The present disclosure relates to video processing. More specifically, the present disclosure relates to detection of text such as subtitles or captions in input video data, and modification of output video data based on the detected text.
Captions and subtitles are added to video to describe or enhance video content using the written word. Subtitles are typically a transcription or translation of the dialogue spoken by the actors in a video. Captioning is intended to convey information for listening-impaired viewers, and typically contains non-speech information such as sound effects in addition to dialogue text. Captions and subtitles may be “open” or “closed.” Open captions/subtitles are part of the video signal and cannot be turned on or off by the viewer, whereas closed captions/subtitles can be turned on or off based on user selection.
A number of technologies have been developed for delivery of captions and subtitles. Closed Caption (CC) technology has been widely used in the United States, and PAL Teletext has been used primarily in Europe. These caption technologies involve encoding text data in a non-visible portion of the video signal. In DVDs, subtitle data is stored as bitmaps, separate from the main video data. To generate an output video signal that includes subtitles, the main DVD video data is decoded, and then subtitle data is added to the main video data as a subpicture data stream.
Although subtitles and captions are intended to improve the viewer's understanding of the accompanied video, subtitles and captions can often be difficult to read. Difficulty in reading on-screen text can be attributed to a number of causes: the display in which the subtitles are displayed may be too small; the viewer may have poor eyesight or may be too great a distance from the display; the viewer may have difficulty with the language in which the text is displayed; the text may be poorly authored; the text may change too quickly; or the background on which the text is rendered may be of a color that makes reading the text difficult. Therefore, advancements in the readability and accessibility of on-screen text are required.
The present disclosure relates to methods and apparatus for detecting text information in a video signal that includes subtitles, captions, credits, or other text. Additionally, the present disclosure relates to methods and apparatus for applying enhancements to the display of text areas in video. The sharpness and/or contrast ratio of subtitles of detected text areas may be improved. Text areas may be displayed in a magnified form in a separate window on a display, or on a secondary display. Further disclosed are methods and apparatus for extending the duration for which subtitles appear on the display, for organizing subtitles to be displayed in a scrolling format, for allowing the user to control when a subtitle advances to the next subtitle using a remote control, and for allowing a user to scroll back to a past subtitle in cases where the user has not finished reading a subtitle. Additionally, optical character recognition (OCR) technology may be applied to detected areas of a video signal that include text, and the text may then be displayed in a more readable font, displayed in a translated language, or rendered using voice synthesis technology.

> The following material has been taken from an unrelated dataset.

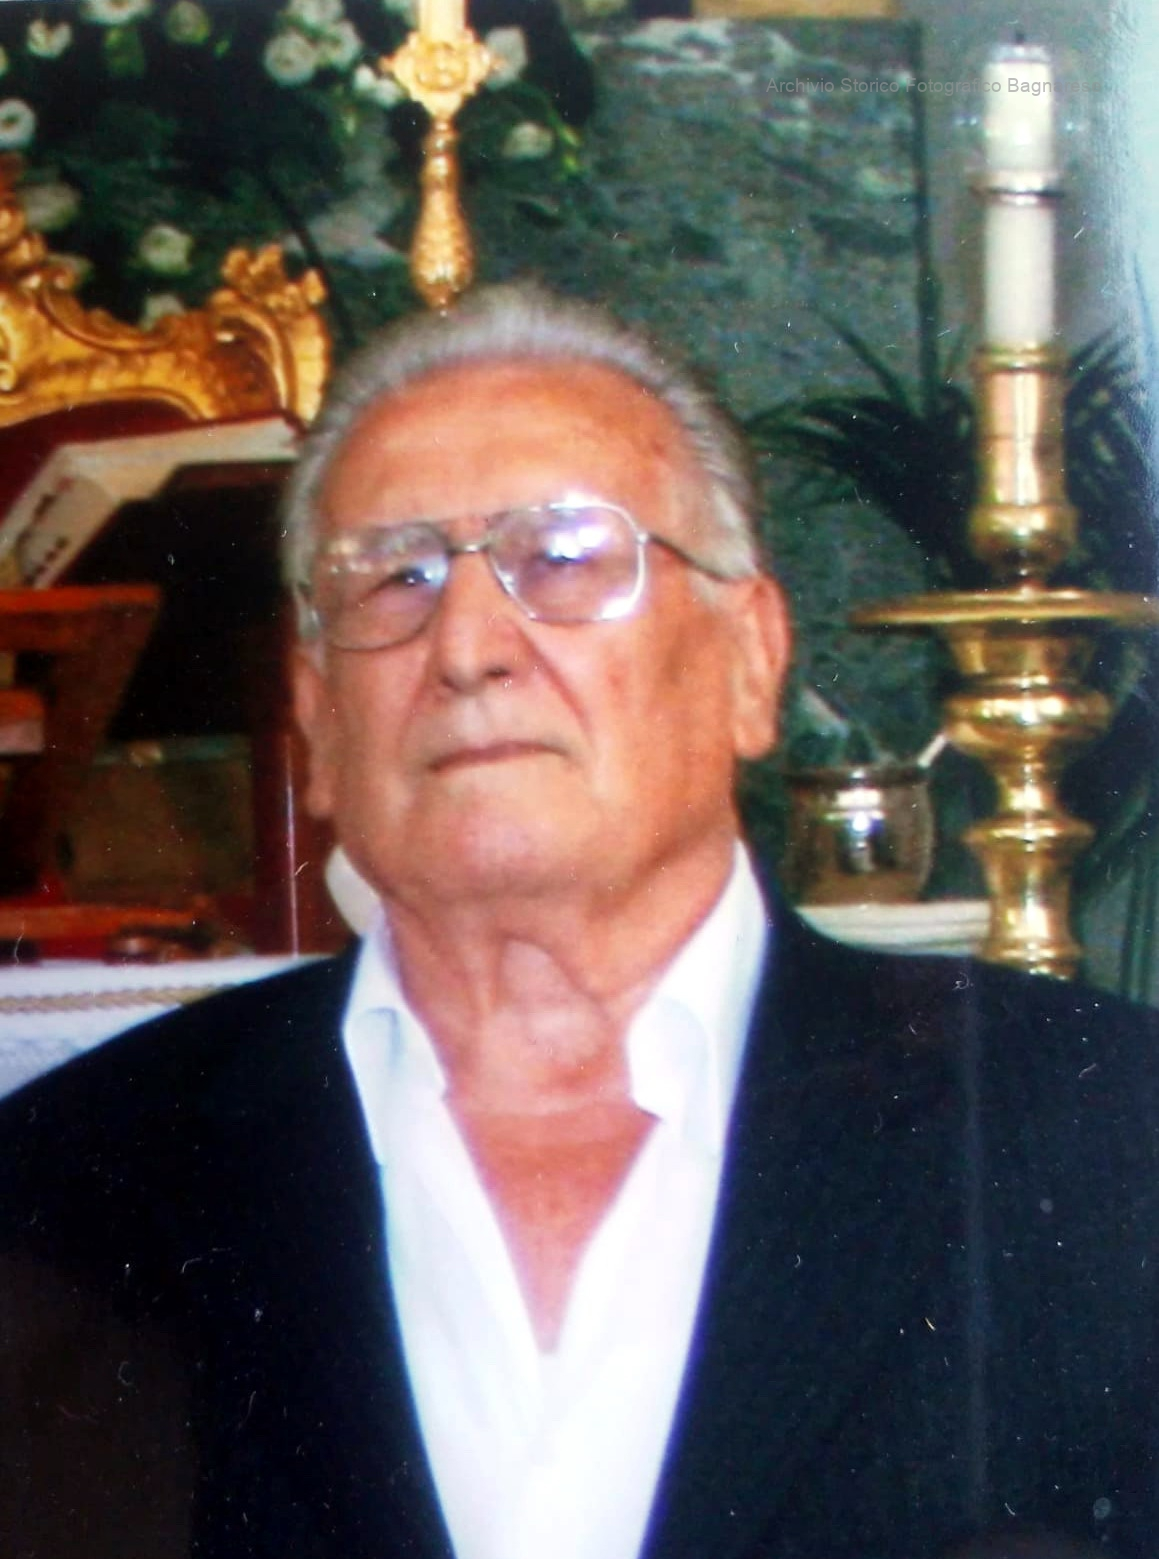 bagnara Francesco Cannatella

A more detailed understanding may be had from the following description, given by way of example in conjunction with the accompanying drawings wherein:
The video source component 100 may be, for example, a cable box, media player such as a DVD or Blu-Ray player, set-top box, digital media library device, or other device for producing a video signal. The video processing component 110 may be configured to process the video signal according to the principles as shown in
The video processing component 110 may be, for example, an integrated circuit (IC), a system-on-a-chip (SOC), a software module for use with a general purpose computer, or an alternative type of component. The video processing component 110 includes a text-detection sub-module 111 and a text enhancement sub-module 112.
The display component 120 may be, for example, a monitor or television display, a plasma display, a liquid crystal display (LCD), or a display based on technologies such front or rear project, light emitting diodes (LED), organic light-emitting diodes (OLEDs), or Digital Light Processing (DLP).
The video processing component 110 and the display component 120 may include interfaces to receive user input, such as input from a remote control or other control device. The video processing component 110 and the display component 120 may be integrated into a single device. The integrated device may be, for example, a television or monitor. Alternatively, the video processing component 110 and the display component 120 may be implemented in physically distinct devices. For example, the video processing component 110 may be included in a set-top box or general purpose computer, and the display component 120 may be included in a separate television or monitor.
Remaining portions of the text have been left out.